简体   繁体   English

如何提高大数据MYSQL查询的性能?

[英]How to improve the performance of MYSQL query with large data?

I am using MySQL tables that have the following data: 我正在使用具有以下数据的MySQL表:

users(ID, name, email, create_added) (about 10000 rows)
points(user_id, point) (about 15000 rows)

And my query: 而我的查询:

SELECT u.*, SUM(p.point) point 
FROM users u 
LEFT JOIN points p ON p.user_id = u.ID 
WHERE u.id > 0 
GROUP BY u.id 
ORDER BY point DESC 
LIMIT 0, 10

I only get the top 10 users having best point, but then it dies. 我只获得前十名用户的最佳评价,但随后死亡。 How can I improve the performance of my query? 如何提高查询性能?

Like @Grim said, you can use INNER JOIN instead of LEFT JOIN . 就像@Grim所说的那样,可以使用INNER JOIN代替LEFT JOIN However, if you truly look for optimization, I would suggest you to have an extra field at table users with a precalculate point . 但是,如果您真正寻求优化,我建议您为表users提供一个额外的字段,并预先计算point This solution would beat any query optimization with your current database design. 在您当前的数据库设计中,该解决方案将击败任何查询优化。

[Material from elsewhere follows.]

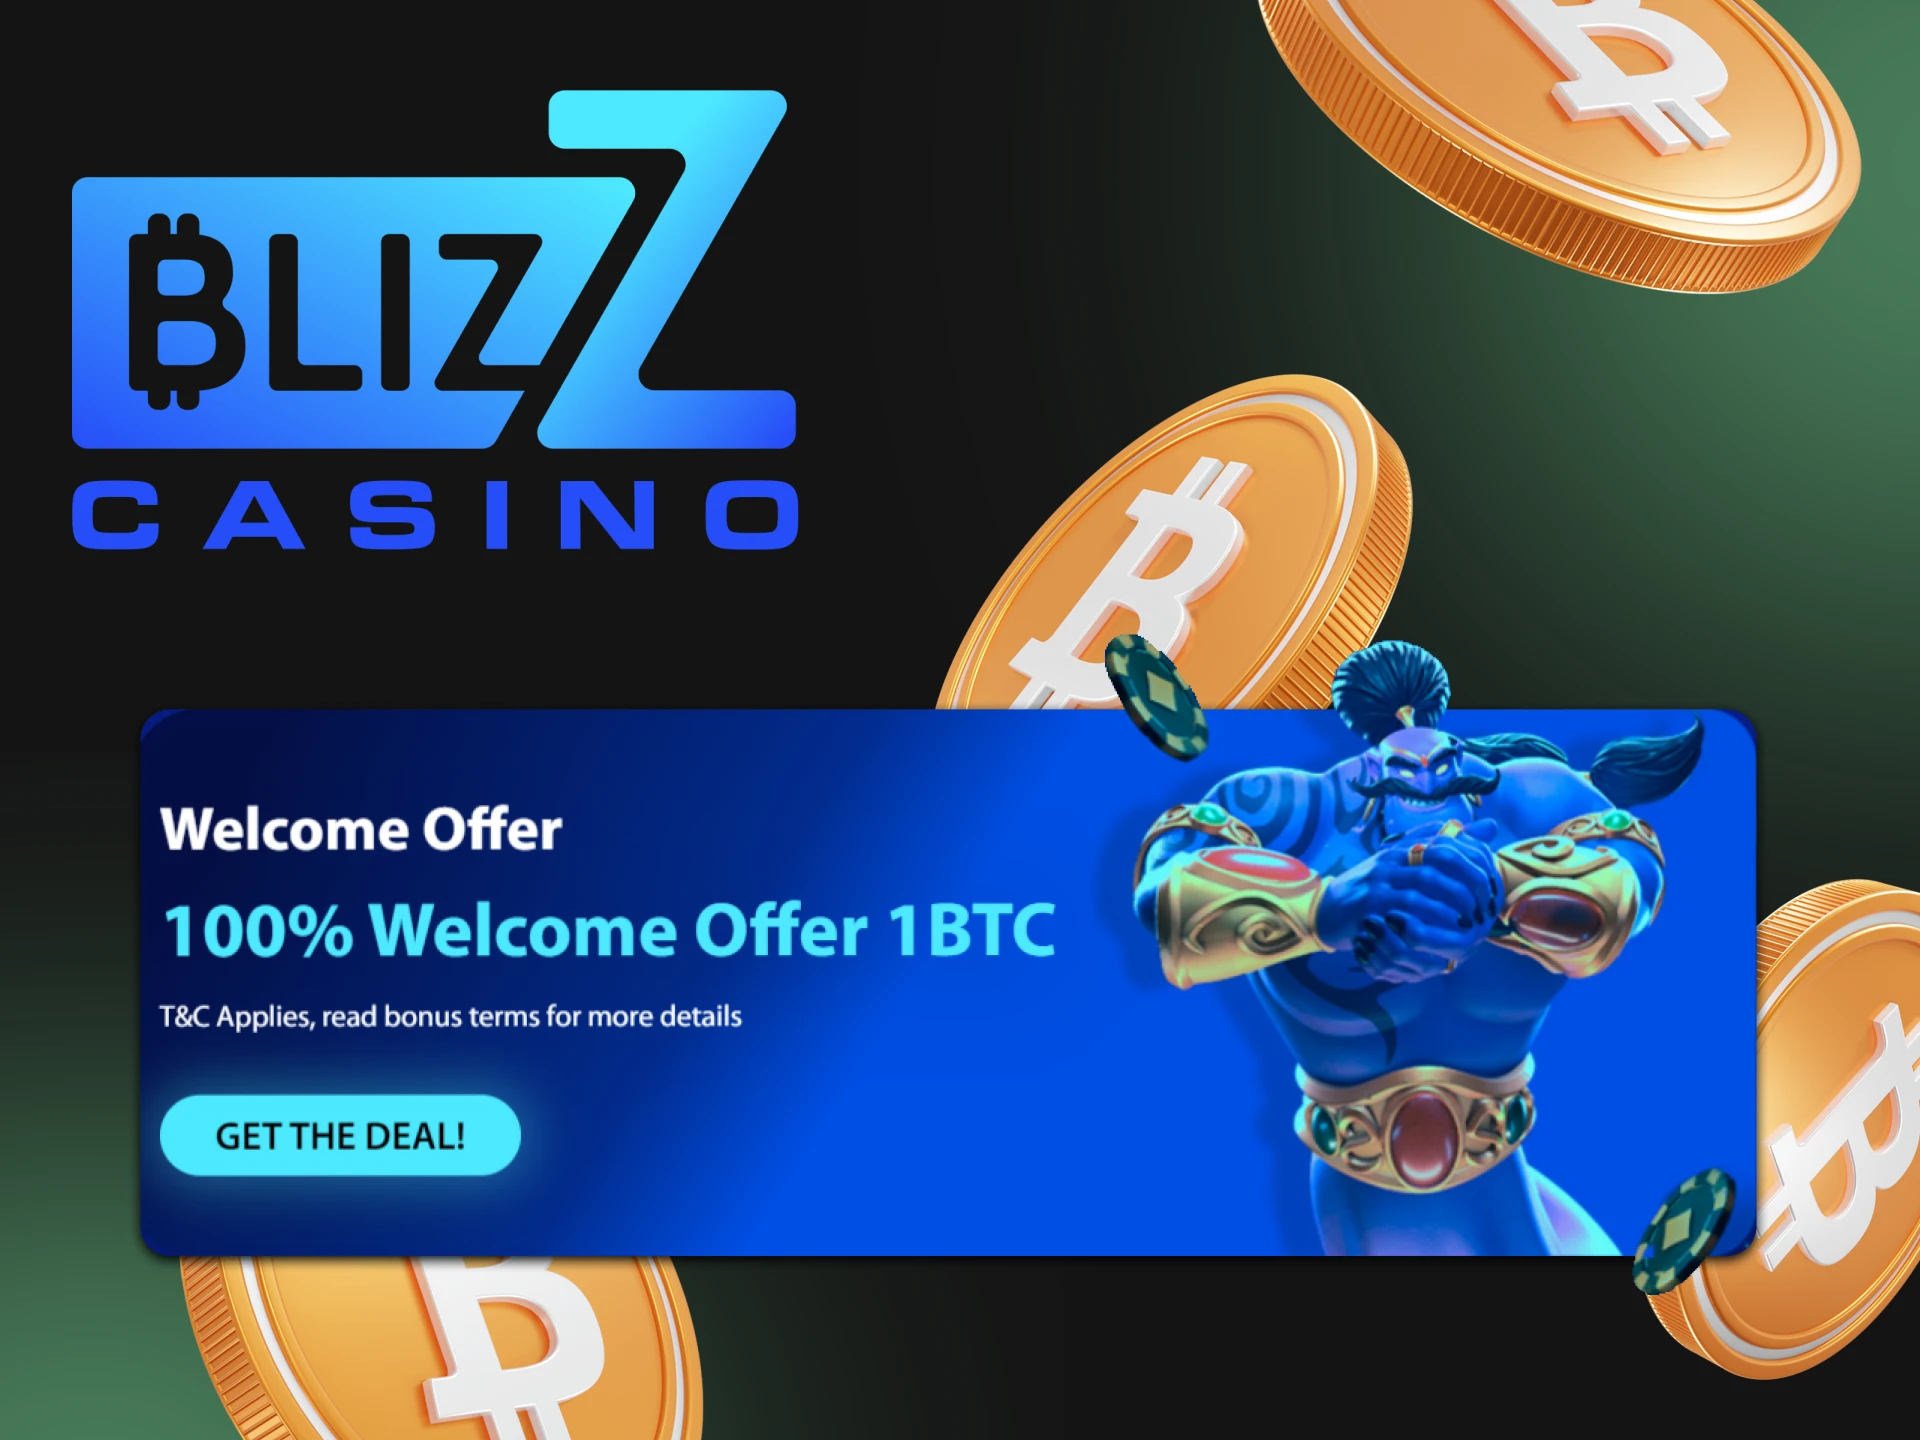 Get your welcome bonus at Blizz.io crypto casino and start playing.

Swapping the LEFT JOIN for an INNER JOIN would help a lot. LEFT JOIN INNER JOININNER JOIN Make sure points.point and points.user_id are indexed. 确保points.pointpoints.user_id进行索引。 I assume you can get rid of the WHERE clause, as u.id will always be more than 0 (although MySQL probably does this for you at the query optimisation stage). 我假设您可以摆脱WHERE子句,因为u.id始终大于0(尽管MySQL可能在查询优化阶段为您执行此操作)。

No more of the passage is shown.